Faust: What Is Strategy, And How Will It Grow Your Business?

Are you confident your leadership team can properly define strategy and, thus, leverage it as a business-thinking tool for accelerated growth?

A frequent take on strategy is that it is about planning. We eschew the term “strategic planning” in our consulting, but sometimes, we have to tolerate it with folks who don’t know the difference.

Strategic Planning Is An Oxymoron. Too many consider strategy to mean planning and implementing budgets, projections and management. Yes, some profitable companies only have annual strategic-planning retreats, but two things are probably true for most of them. First, they walk past growth opportunities left and right. Second, when they have breakthroughs and innovations, much of them have to do with serendipitous strategy dialogues that could be multiplied if they implemented the principle of high-growth levers and ongoing strategy dialogues.

Early in Peter Drucker’s career, a publisher told him not to use the word “strategy” because it was a military term, not a business one. He came up with the phrase “self-assessment.”

Nowadays, people overuse the word “strategy” because they think it makes them sound smart. If that is your goal, then consider another word that will make you seem even more erudite: stratagem. It means a plan or scheme, especially when used to outmaneuver an opponent. Use “stratagem” when you speak of tactics, and you won’t be guilty of misusing the word “strategy.”

Working Definition. Strategy is the formulation, communication and refinement of a vision (a picture of an organization’s future state) and the determination of the optimal angle, focus and primary source of leverage that will lead to divergence and defensible points of advantage in the marketplace.

Good strategy will optimize the odds of success, minimize competition and enable management to make decisions aligned and pointed in a specific direction. This is management echeloned!

In the simplest of forms, strategy includes a vision and involves identifying your most advantageous angle and focus to achieve that vision.

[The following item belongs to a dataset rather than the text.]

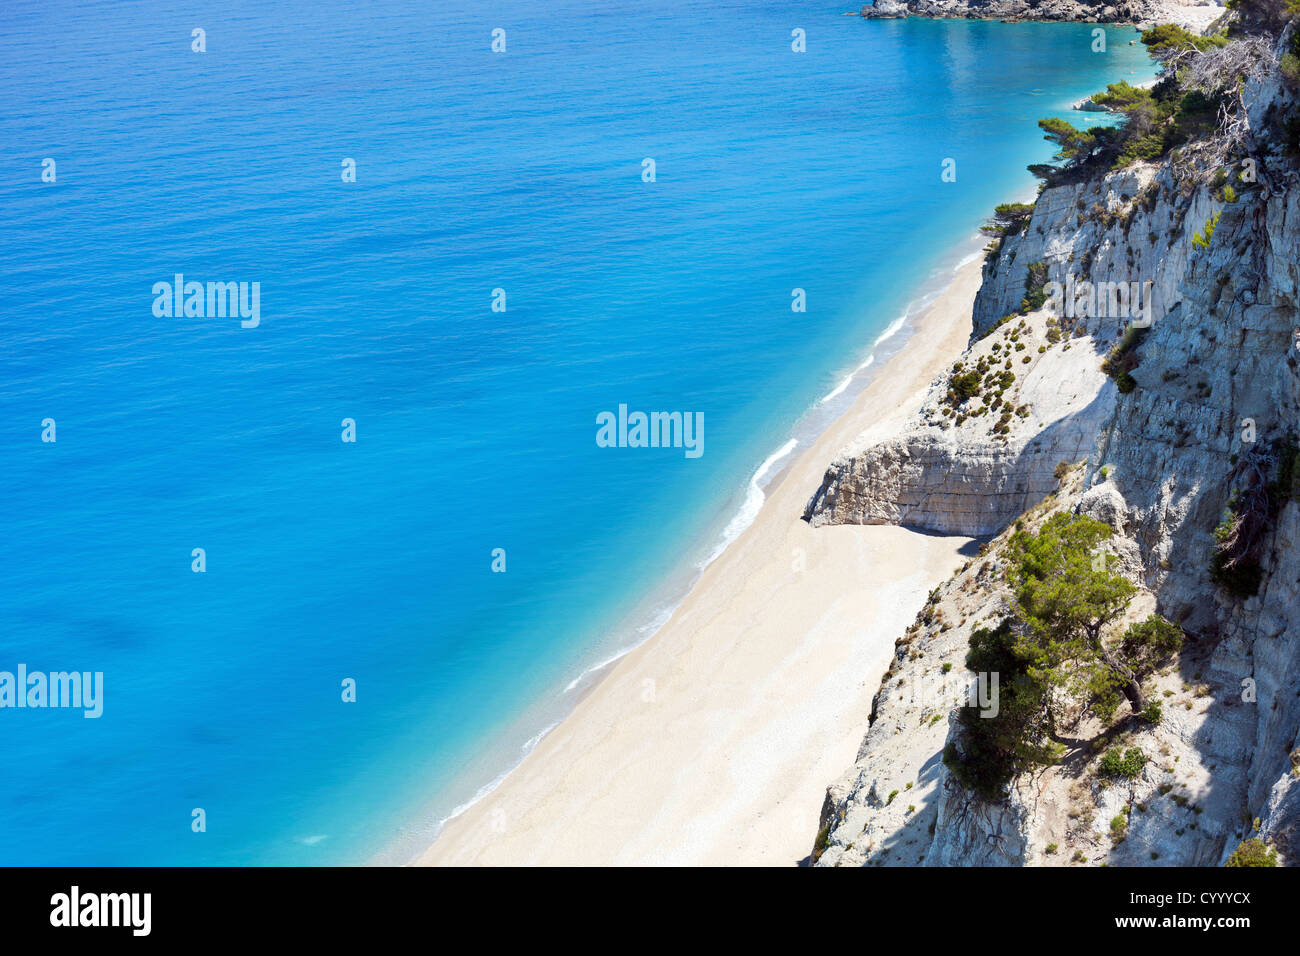 Beautiful summer white Egremni beach on Ionian Sea (Lefkada, Greece) summer view from nearest rock Stock Photo

Tactics, in simple terms, are:

• the planning.

• the implementation.

• the “how” in getting strategy executed.

• the actions that execute the mission and vision and ideally give advantage.

Tactics are the intelligent balancing and allocating of limited resources (human, physical, financial) to outmaneuver the competition in serving customers and stakeholders. Here’s a way to differentiate the two. Strategy without tactics will be slower. Tactics alone cannot win the war.

So now you can begin to realize why strategic planning is an oxymoron. The phrase should be discontinued.

Strategy and tactics are two very different animals. The more you look at them, the clearer it becomes as to why conversations about the two should be kept separate. Many a good strategy has been quelled by prematurely discussing tactics.

The bottom line is, when your team understands the difference between strategy and tactics and you give each topic its due, you will benefit from more effective strategy dialogues and more productive tactical planning.

source”pcworld”

 

Loknath Das

Loknath Das

I am a blogger with the main motive of writing articles at my choice of level. I do love to write articles and keep my website updated regularly , if you love my article then be sure to share with your friends as they would love to read my article...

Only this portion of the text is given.